15th C. food avaiability was limited by season and region. Prior to the discovery of the “New World”, foods common in the Americas such as tomatoes and maize were completely unknown in 15th .C Europe. The advent of globally-transported food items has made seasonal and limited regional availability of foodstuffs obsolete, and almost any food item is available year round anywhere in the world. Reenactors should keep regional and seasonal availability in mind when planning event menues. The following lists are intended to assist in determining appropriate foods for specific locations and times of year.

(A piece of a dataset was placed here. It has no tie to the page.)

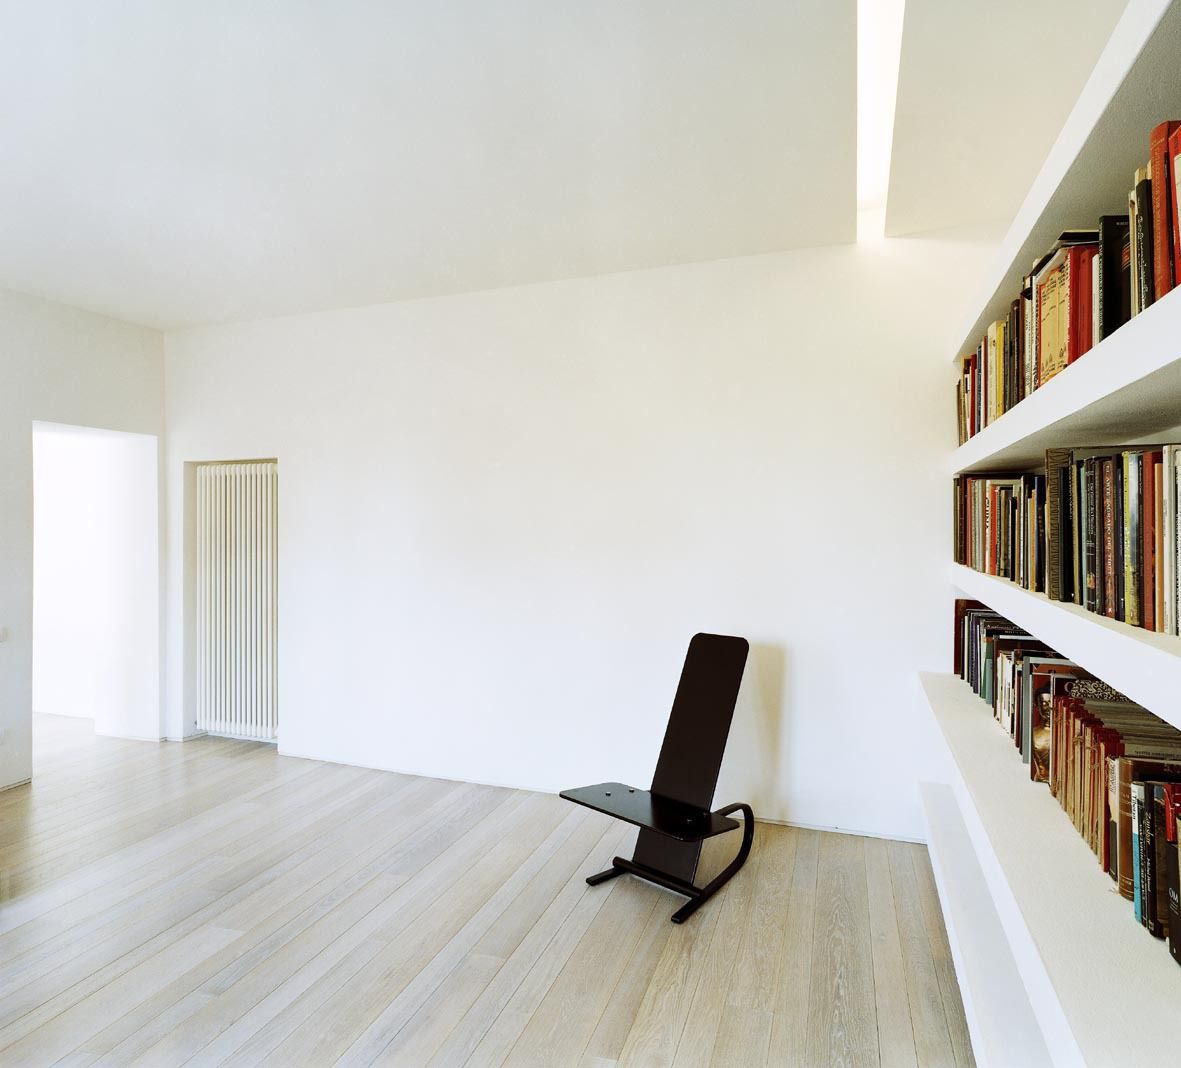 A1 house, vps architetti vps architetti Modern Study Room and Home Office
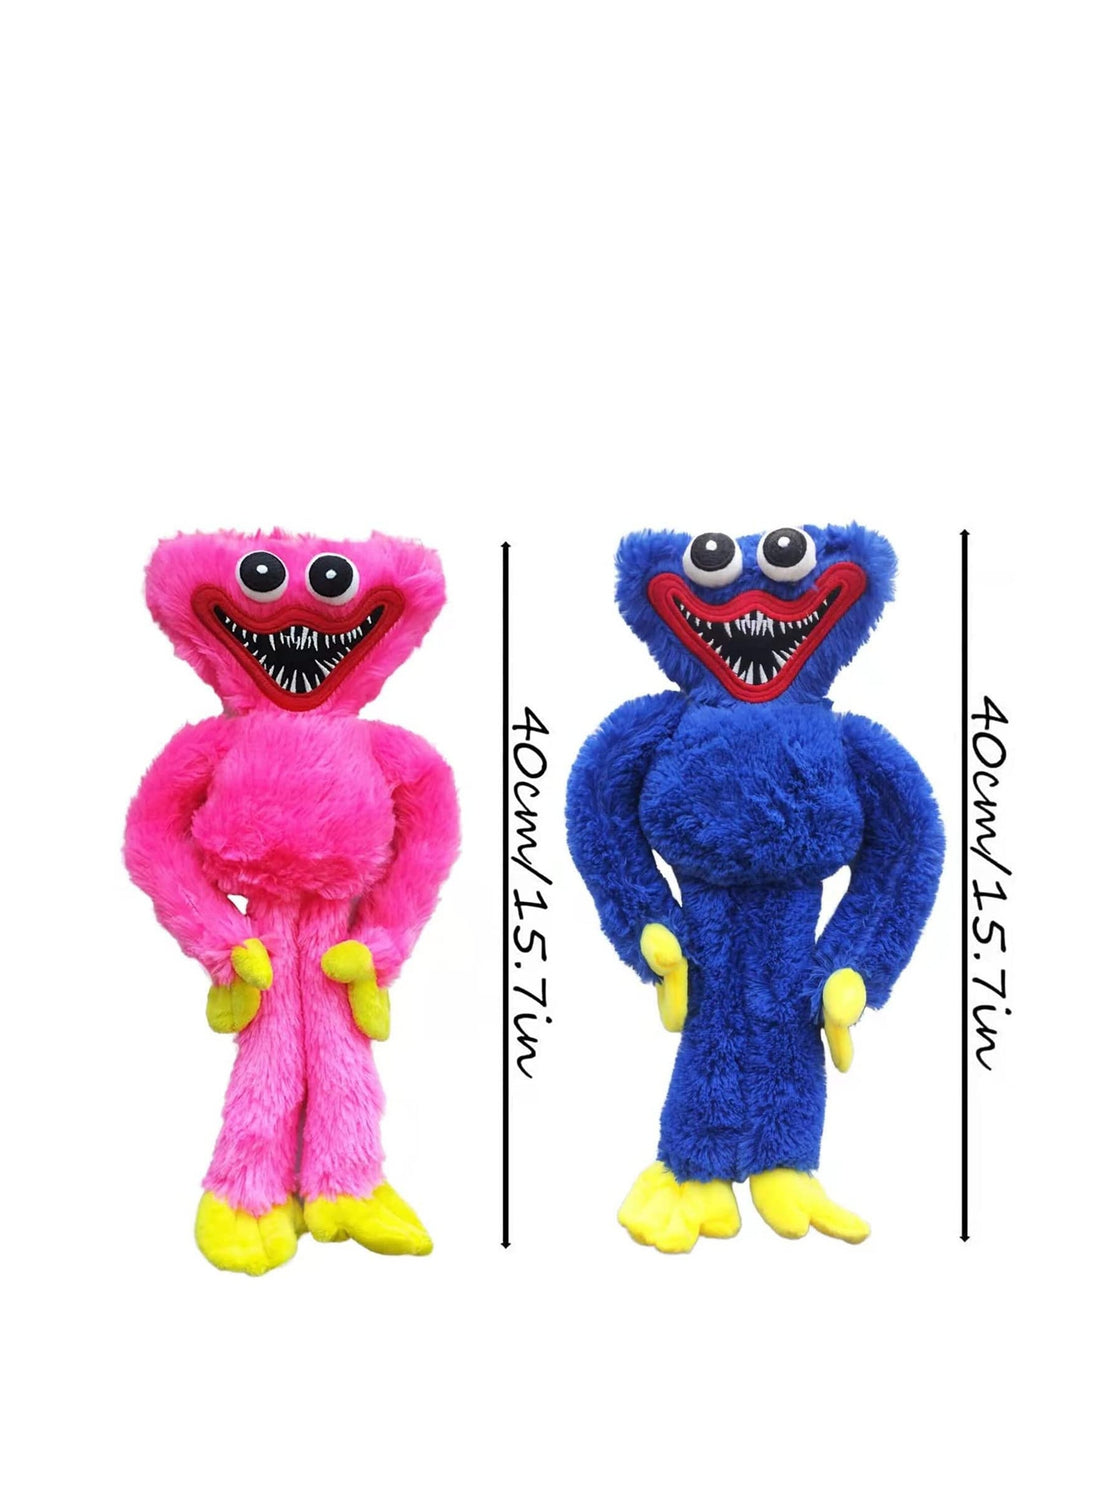 Huggy Wuggy Game Cartoon Character Plush Toy Blue and Pink

These foods are known in 15th C. Europe and are appropriate for use at events.

ASSORTED STAPLES
Bread- whiter and finer for the upper classes, coarser bread for the lower classes.
Cheese- most types of modern cheeses are OK. Cottage cheese is a new or farmer’s type of cheese - “curds and whey”.
Eggs
Honey
Mustard

FRUITS / NUTS
Almonds
Asparagus Spring crop- available spring- summer only.
Chestnuts
Currants- Are the dried fruit of a bush and are not the same thing as raisins. Domestically produced
Dates- Imported from the Levant
Figs- Imported from the Levant
Pinolas- These come from Italy and would have been imported with sugar and spices
Prunes- are dried plums
Raisins- dried grapes- these would have been imported into England
Walnuts
Apples- Winter crop- Available fresh fall through spring, dried in summer
Apricots- Summer crop- Available fresh mid-late summer, dried other times
Cherries- Summer crop-Available fresh summer, dried other times
Grapes- Late summer crop-Available fresh summer, dried as raisins other times.
Melon- Available fresh summer, not available other times
Pears- Winter crop- Available fresh fall through spring
Plums- Available fresh summer, dried as prunes other times
Pomegranates- Available late fall only
Strawberries- Very limited availability spring/summer only

VEGETABLES
Cabbage- Winter crop- Available fresh fall through spring
Carrots- Available fresh summer through spring
Cress- Available fresh spring- summer
Garlic- Available all year
Herbs- Available fresh spring- summer, dried at other times
Leeks- Available fresh spring- fall
Lettuce- Available fresh spring- summer
Mushrooms- Available most of the year
Onions- Available most of the year
Parsnips & turnips- Winter crop- Available late summer through spring
Pot Greens (turnip, kale, etc.)- Available spring- summer
Peas- Available fresh spring- summer, dried at other times
Radishes- Available spring- summer
Spinach - Available spring- summer
Winter Squashes- Squashes such as zucchini were unknown. Medieval“Gourds” may be replaced by hard-skinned winter squashes.

GRAINS / BEANS
Barley- Mostly used for beer, rarely used for human consumption
Beans (Garbanzo, Fava, White)
Lentils
Oats or oatmeal- Rarely used for human consumption as a dish, but good thickener
Peas- Available fresh spring- summer, dried at other times
Rice- Imported from italy and the Levant
Wheat Commonly available except in times of famine
Rye Commonly available except in times of famine
Maislin- A wheat/rye mix. It was difficult to keep the 2 grains growing separately in the field.

MEATS
(Caveat- Meat made up the bulk of the upper class diet, grains the bulk of the lower. Upper classes would have “large joints” and roasts, the lower classes meat as an additive or flavoring agent in grain or vegetable-based pottages.)
Bacon A commonly available, lower class meat much used for flavoring
Beef
Chicken
Fish, fresh, dried or smoked- Dried or salted fish was eaten to excess.
Pork Probably the most commonly available meat and widely eaten meat, after fish
Sausages- Fresh widely used, no evidence English smoked sausages.
Wild game- Much eaten by the upper classes, off-limits to the lower.

DRINK
Ale
Cider
Mead
Wine- In England a costly import available only to those of sufficient means
Milk- generally reserved for old or infirm. No evidence that children were encouraged to drink it as is current custom.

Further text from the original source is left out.